The new Atlantic and Gulf of Mexico models and maps draw on 23 years of aerial and shipboard abundance surveys (left).  So far, the quality of survey data, as rated on several factors, has allowed the researchers to create monthly distribution density maps for 11 species and annual maps (showing the full species range and density) for the others.  The best place for interested laymen to learn more about the project is the OBIS-SEAMAP page introducing these new models, which has a good lay summary of the work and several introductory maps and animations.  If you want to dig into some of the species-specific information, check out the species lists at the bottom of the page; links next to each species open its set of maps right online, with no download necessary, or allow for download of the 100+ page supplemental report and all data and maps for that species. For the 11 species with monthly maps, you’ll also find animations showing the change in species density over time. (For researchers, two other entry points will be of interest: The main OBIS-SEAMAP portal, with its array of informational links, will help orient those preparing to use the data, while a user-customizable global map displays average annual abundance and allows for overlays of environmental factors, and viewing of your choice of species or particular research data sets.)

While the new distribution maps are the most eye-catching product of this work, and the data underlying them should greatly improve our ability to identify areas with high concentrations of one or many species (and hopefully then to limit our activities at some times and/or places to avoid the worst effects), the bulk of the underlying research is a very deep dive into the science of modeling.  In addition to looking at a range of underlying oceanic habitat factors (including temperature and plankton densities), the supplemental reports use three different types of models to estimate animal abundance, then dig into clues about why they’re different.  And, alongside all the abundance estimates, they calculate the “Coefficient of Variation” of their estimates, which gives an often finely-tuned assessment of statistical confidence, based on how much data is available in each small subsection of the surveyed area.  All in all, it’s mightily complex for the layman, but a solid starting point for further study and better estimates in the future.

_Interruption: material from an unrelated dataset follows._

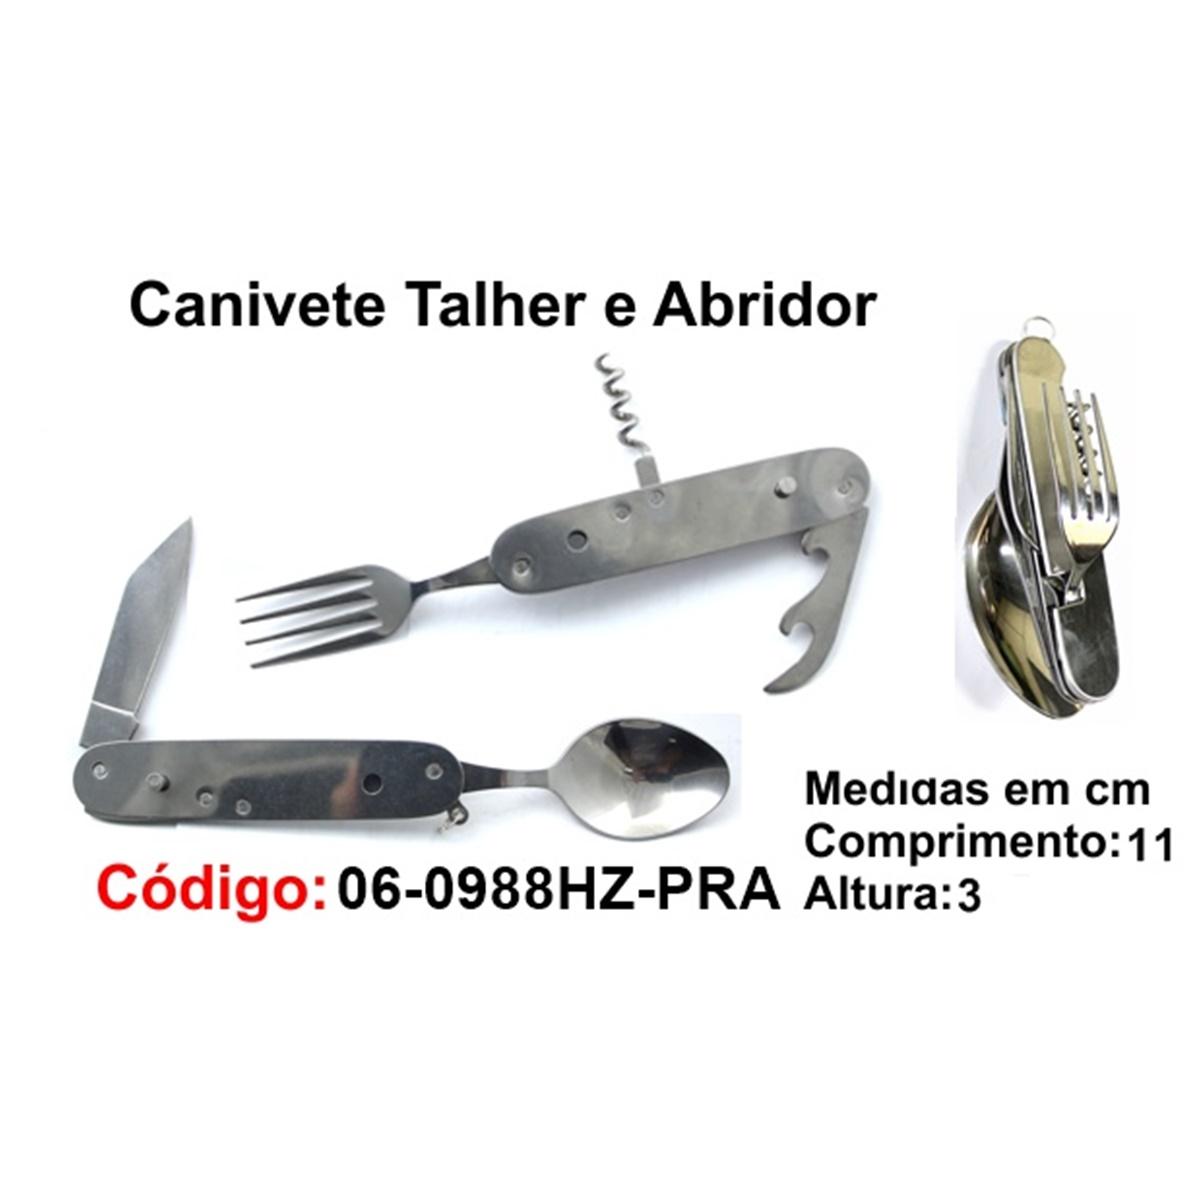 Canivete Talher Abridor Multiuso Caça Pesca Etc. 06-0988HZ-PRA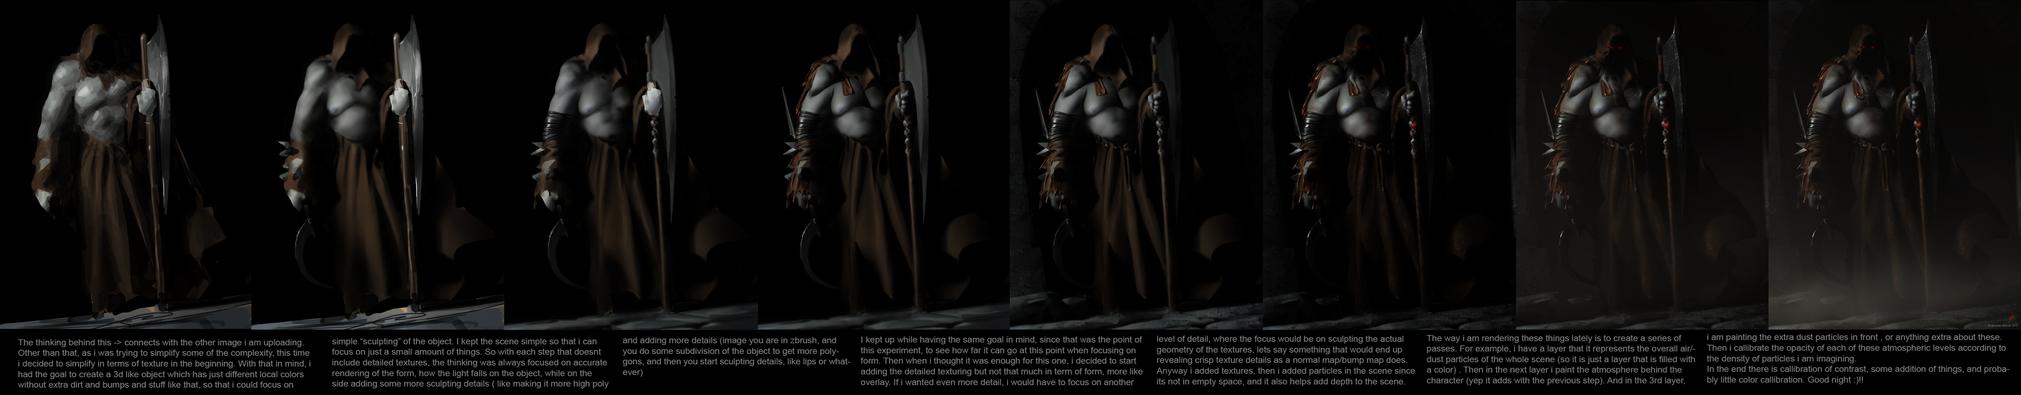 DarkWarden-Process by kingkostas

Below is an especially relevant example, showing the seasonal shift in abundance of the North Atlantic right whale, a species of special concern, in that its numbers have dwindled to just a few hundred, making any single mortality important to the species’ long-term survival, and also raising questions about the possible effects of stress, especially in the winter birthing grounds along the southeastern coast.  These issues are in the middle of ongoing controversies about proposed offshore oil and gas exploration (UPDATE, 3/15/16: Feds say no to new Atlantic drilling), a new instrumented Naval training range planned for 50 miles offshore, and of course, the perennial tug-of-war over permitting of Naval training activities all along the east coast.  Note the abundance estimates; 100 square kilometers is an area roughly 6 miles on a side.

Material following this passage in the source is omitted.